The U.S. Positive Women’s Network (PWN) is a project of WORLD (Women Organized to Respond to Life-threatening Disease) in Oakland, CA. We are a national membership organization that exists to strengthen the strategic power of all women living with HIV in the United States. For more information visit: www.pwn-usa.org and join the PWN mailing list by emailing pwn(at)womenhiv.org.

Analysis Violence

Nan-Hui Jo’s Case Shows How the System Fails Immigrant Abuse Survivors

Victoria Law

On April 28, a Korean immigrant and domestic abuse survivor named Nan-Hui Jo was sentenced to 175 days in jail and three years of probation after being convicted of misdemeanor child abduction. Now, she faces the threat of deportation and permanent separation from her daughter.

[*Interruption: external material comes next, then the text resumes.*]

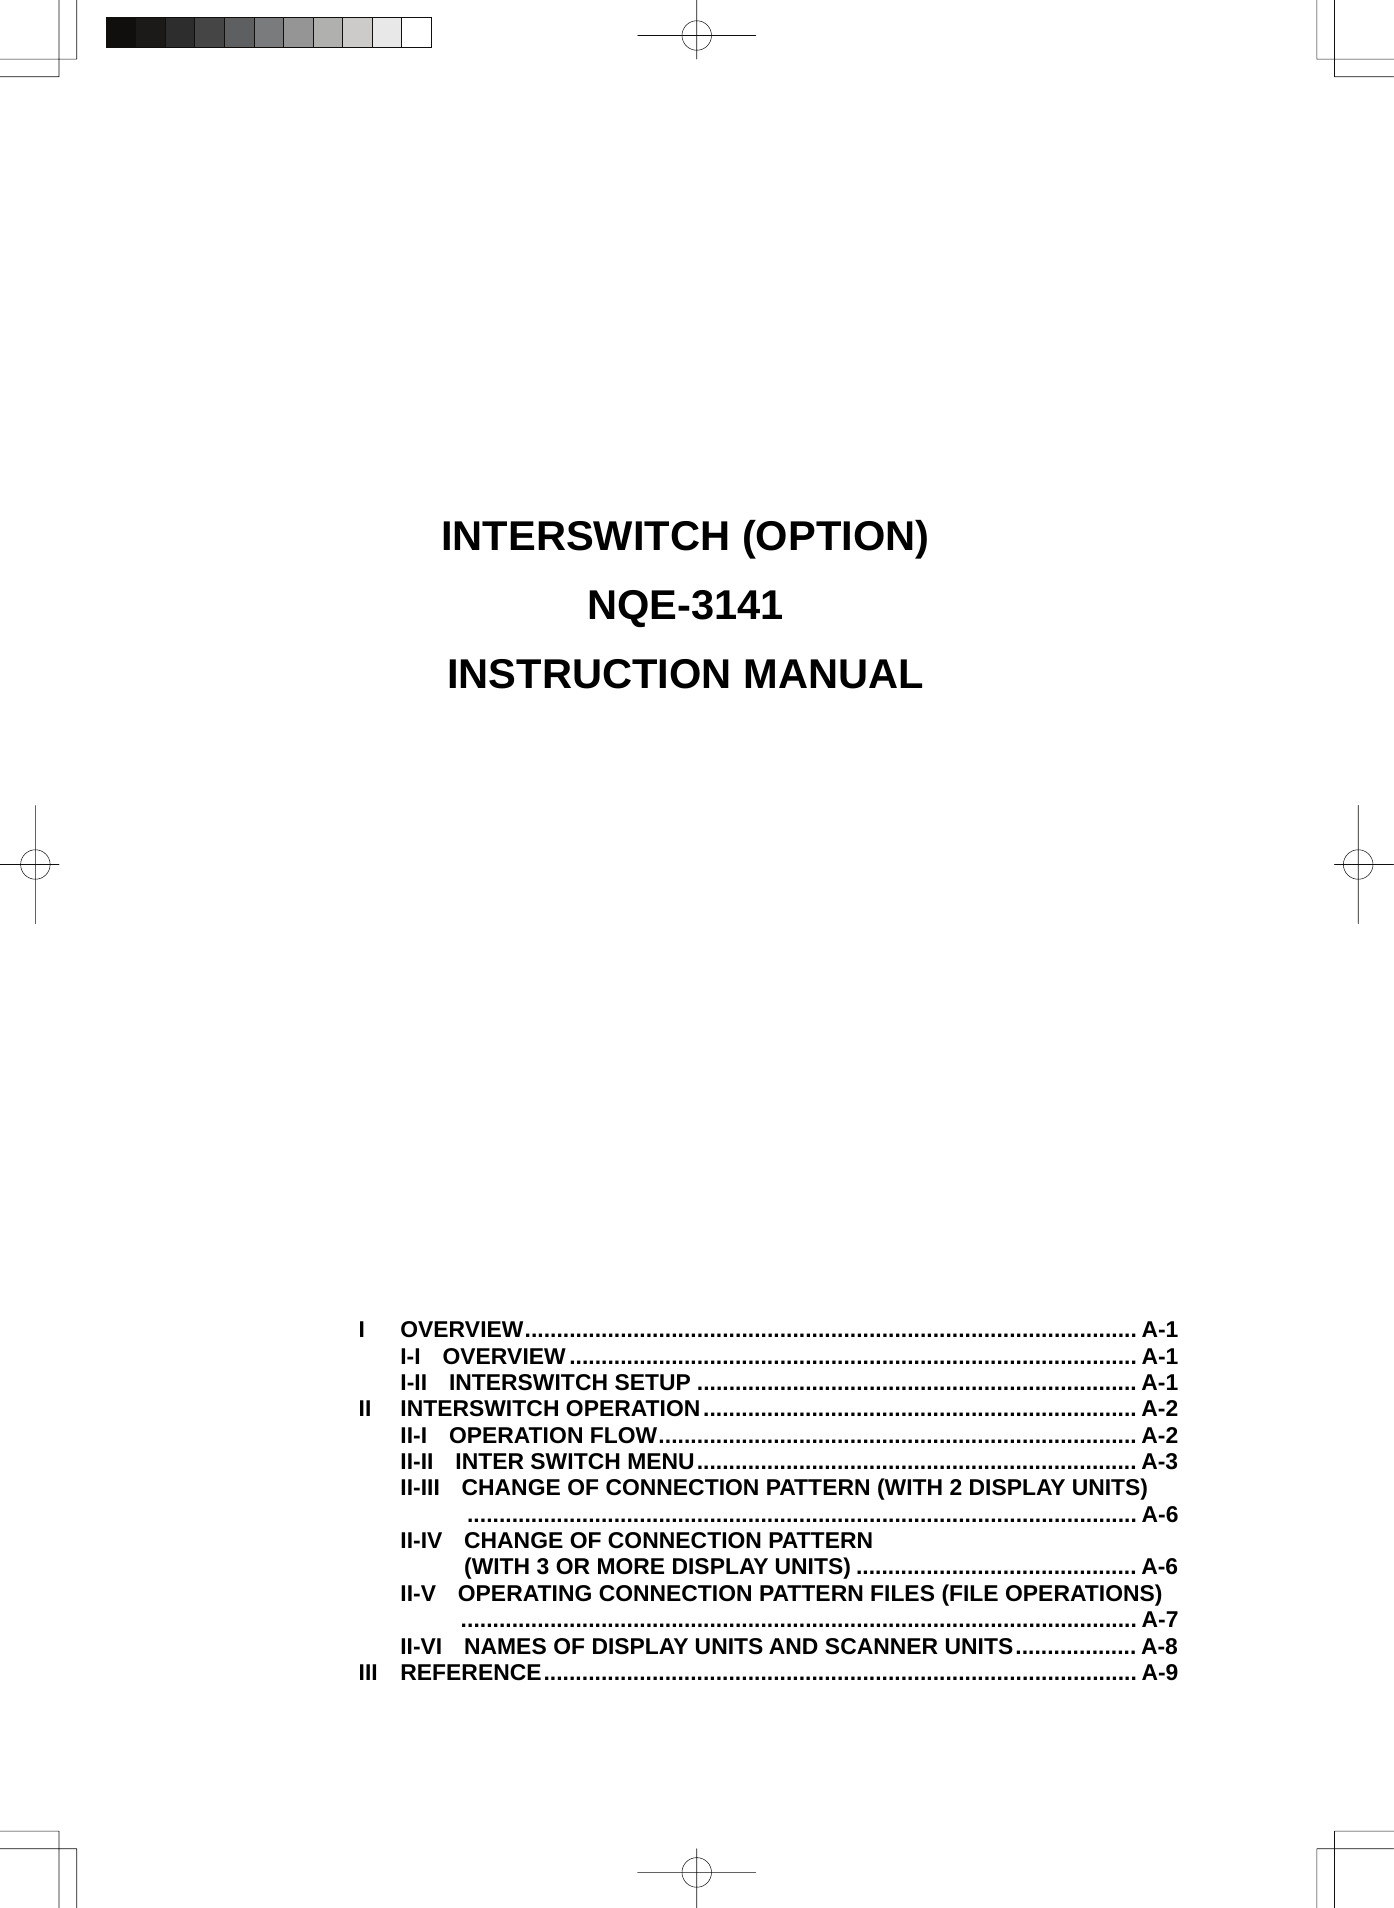               INTERSWITCH (OPTION) NQE-3141 INSTRUCTION MANUAL                          I OVERVIEW................................................................................................ A-1 I-I OVERVIEW......................................................................................... A-1 I-II INTERSWITCH SETUP ..................................................................... A-1 II INTERSWITCH OPERATION.................................................................... A-2 II-I OPERATION FLOW........................................................................... A-2 II-II INTER SWITCH MENU..................................................................... A-3 II-III CHANGE OF CONNECTION PATTERN (WITH 2 DISPLAY UNITS)  ......................................................................................................... A-6 II-IV CHANGE OF CONNECTION PATTERN     (WITH 3 OR MORE DISPLAY UNITS) ............................................ A-6 II-V OPERATING CONNECTION PATTERN FILES (FILE OPERATIONS)  .......................................................................................................... A-7 II-VI NAMES OF DISPLAY UNITS AND SCANNER UNITS................... A-8 III REFERENCE............................................................................................. A-9

On April 28, Nan-Hui Jo was sentenced to 175 days in jail and three years of probation after being convicted of misdemeanor child abduction. Her crime? Taking her then 1-year-old daughter, Vitz Da, with her when she followed orders from Immigration and Customs Enforcement (ICE) to leave the country in 2009. Although Nan-Hui Jo was released on time served after spending more than nine months in jail, she is currently still detained on an immigration hold. Furthermore, she continues to face the threat of deportation without having seen her daughter face-to-face in ten months.

Jo’s decision to return to Korea with her infant daughter, in part out of concern for her daughter’s well-being, brought a combination of the criminal justice, immigration, and family court systems crashing into her family’s lives. Involvement in any one of these systems increases the risk of losing the right to parent, either temporarily or permanently. Tangled together, they can present a seemingly insurmountable hurdle. Nan-Hui Jo’s experience illustrates how immigrant abuse survivors are often failed—and sometimes re-victimized—by these various institutions despite the existence of legislation designed to protect them.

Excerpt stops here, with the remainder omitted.